• **TASK GOAL**:
Word for word, please restate the line that contains "Lupine clipart #7, Download drawings" and all lines after it through the end of the material, minus the pictures.

• **SUPPLIED DATA**:
╭──

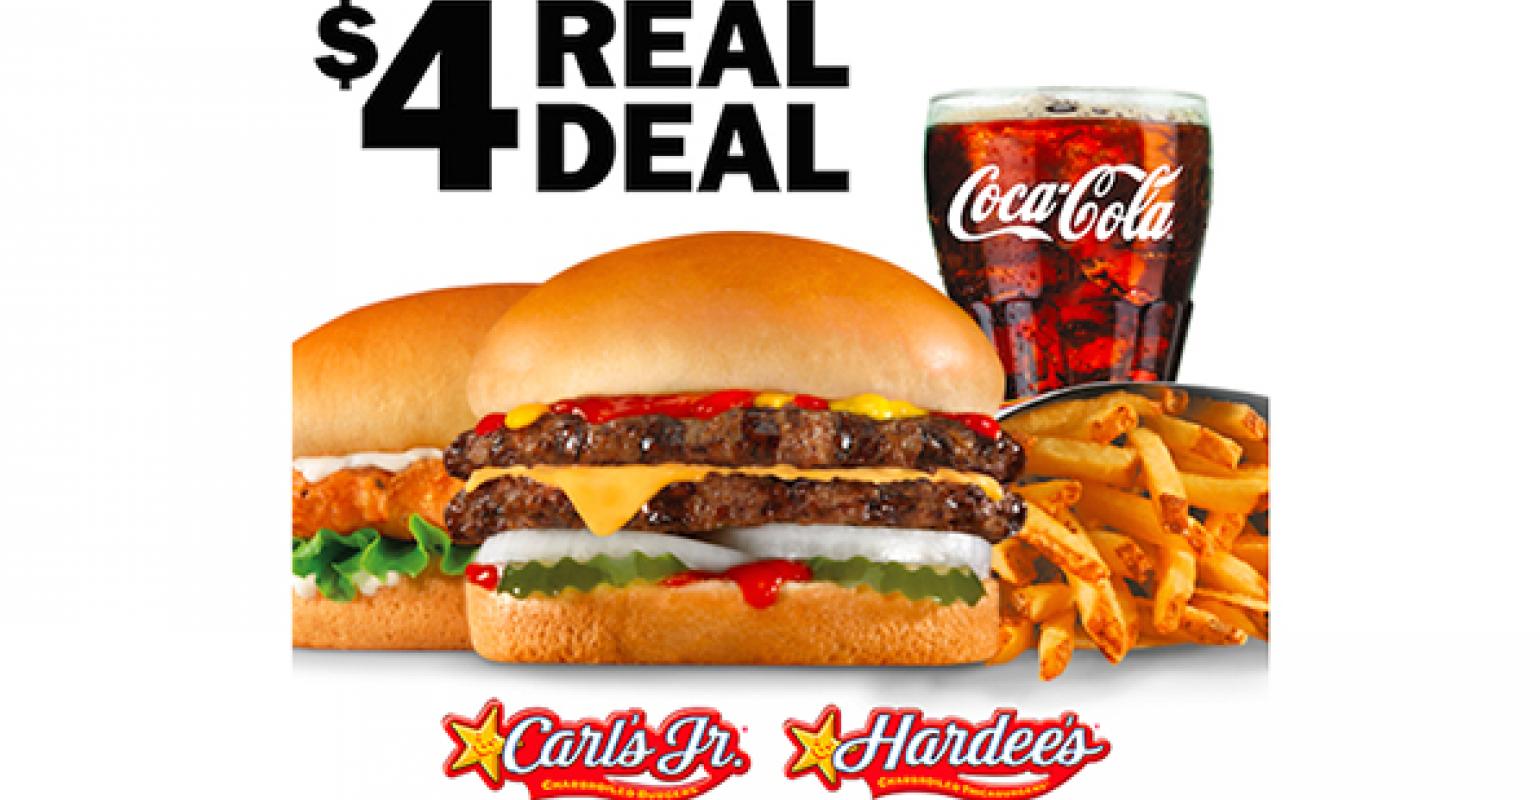 Discounted fast food deals
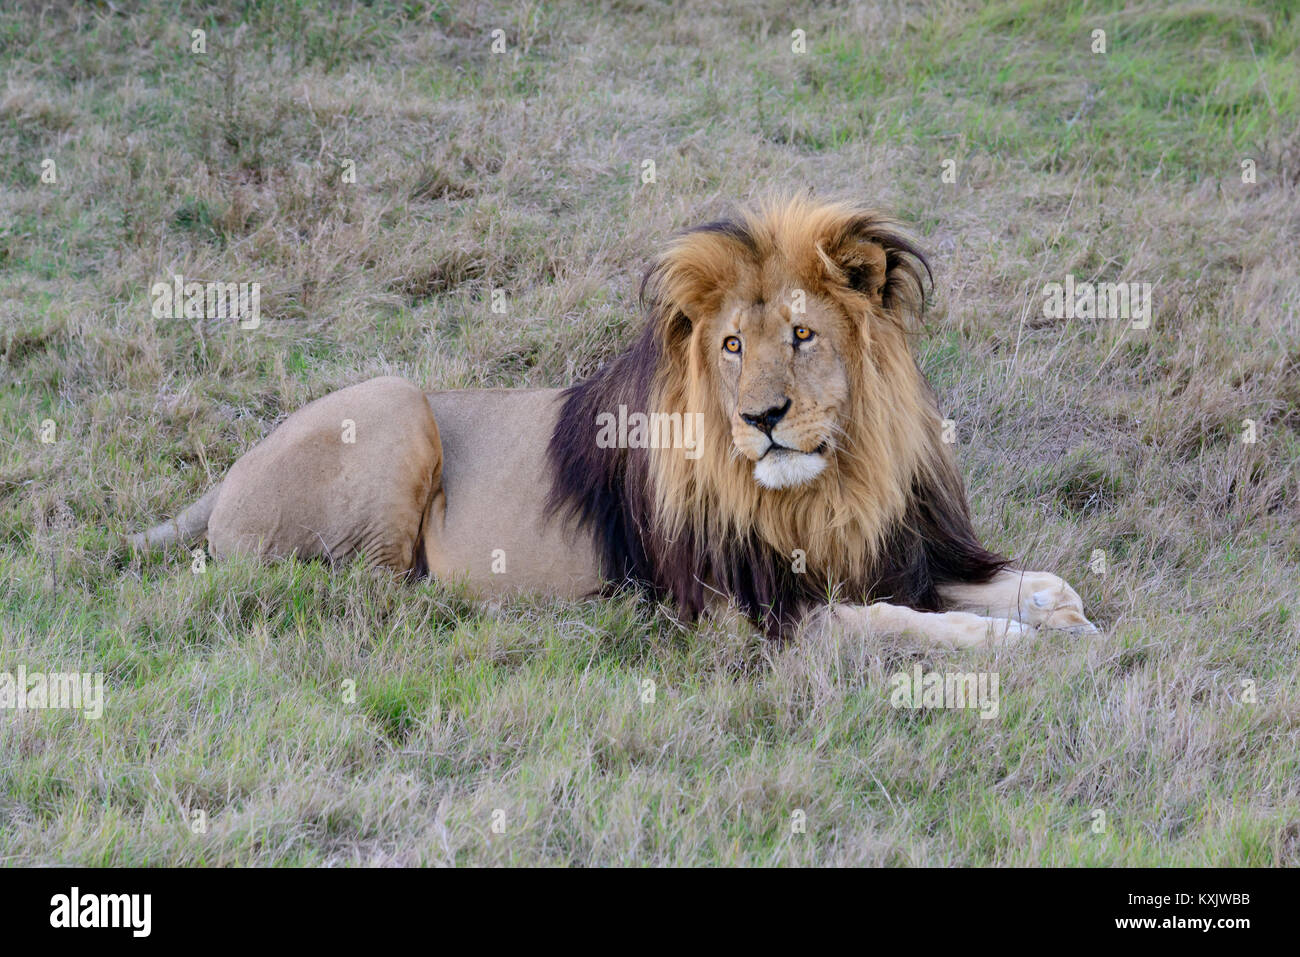 Cape Lion or South african lion, male, Panthera leo, South Africa, Porth Elizabeth, Schotia Safaris Private Game Reserve park Stock Photo
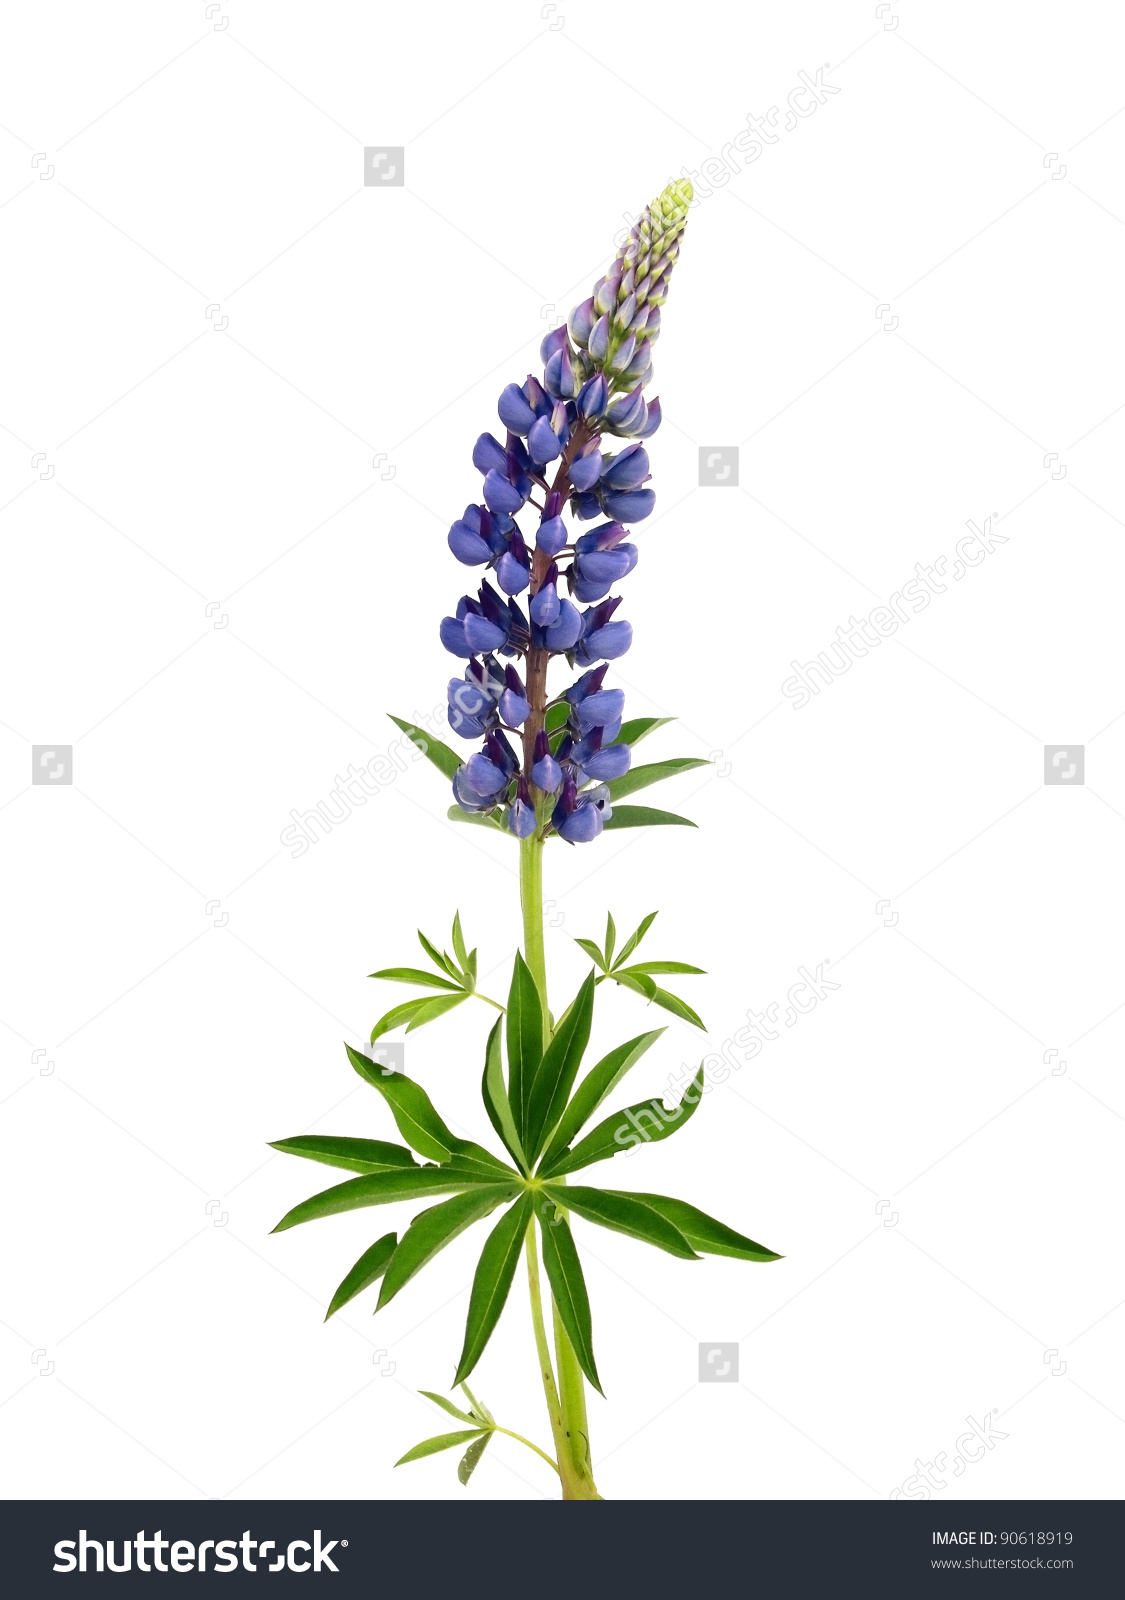 Lupine clipart #7, Download drawings
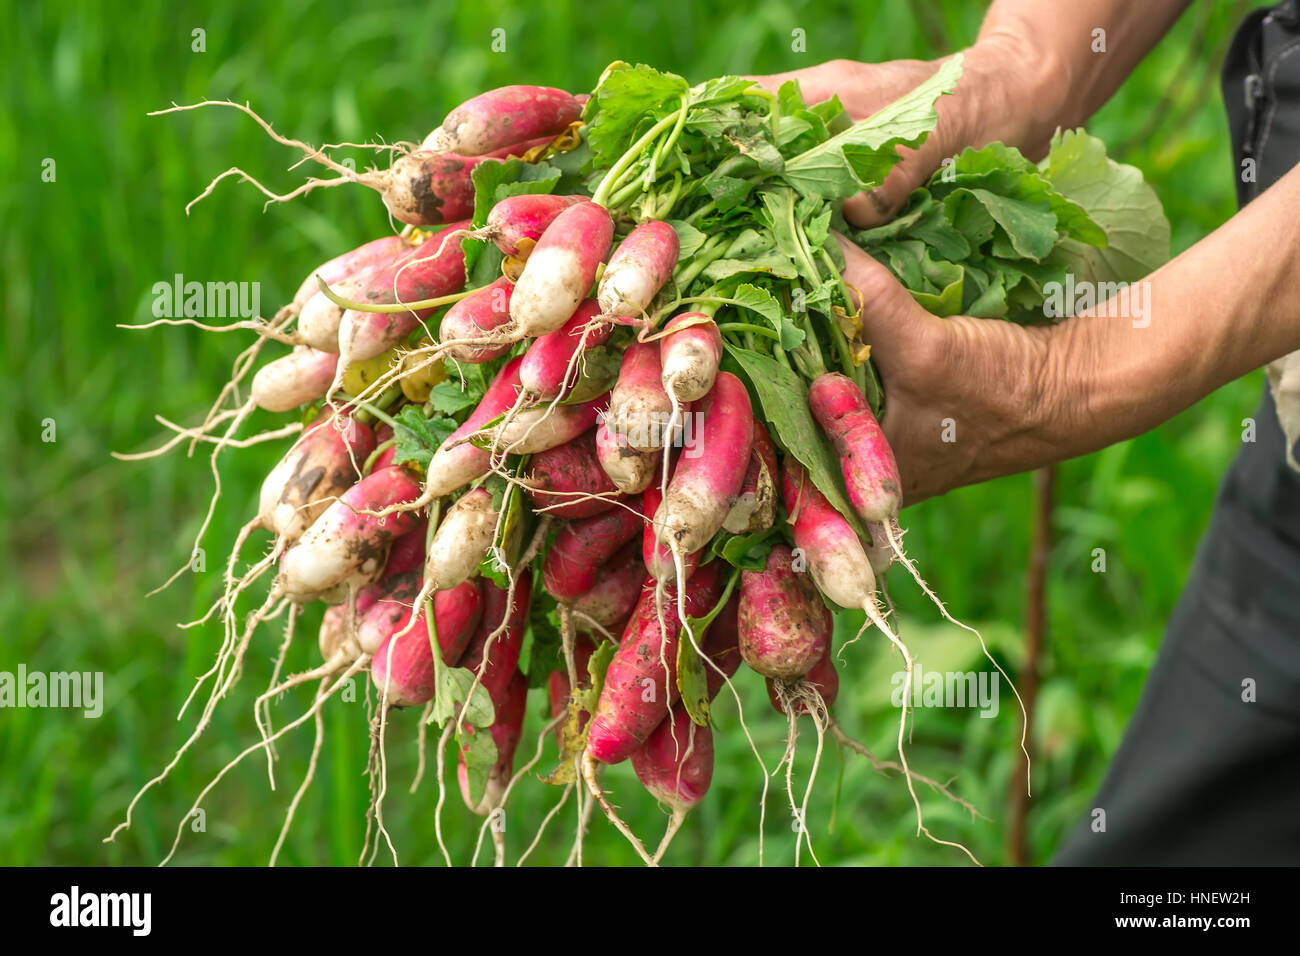 Radish in hand. Hands gardener. Work-worn hands. Farmers hands with freshly radish. Freshly picked vegetables. Unwashed radishes with tops Stock Photo

╰──

• **TASK SOLUTION**:
 Lupine clipart #7, Download drawings
 Radish in hand. Hands gardener. Work-worn hands. Farmers hands with freshly radish. Freshly picked vegetables. Unwashed radishes with tops Stock Photo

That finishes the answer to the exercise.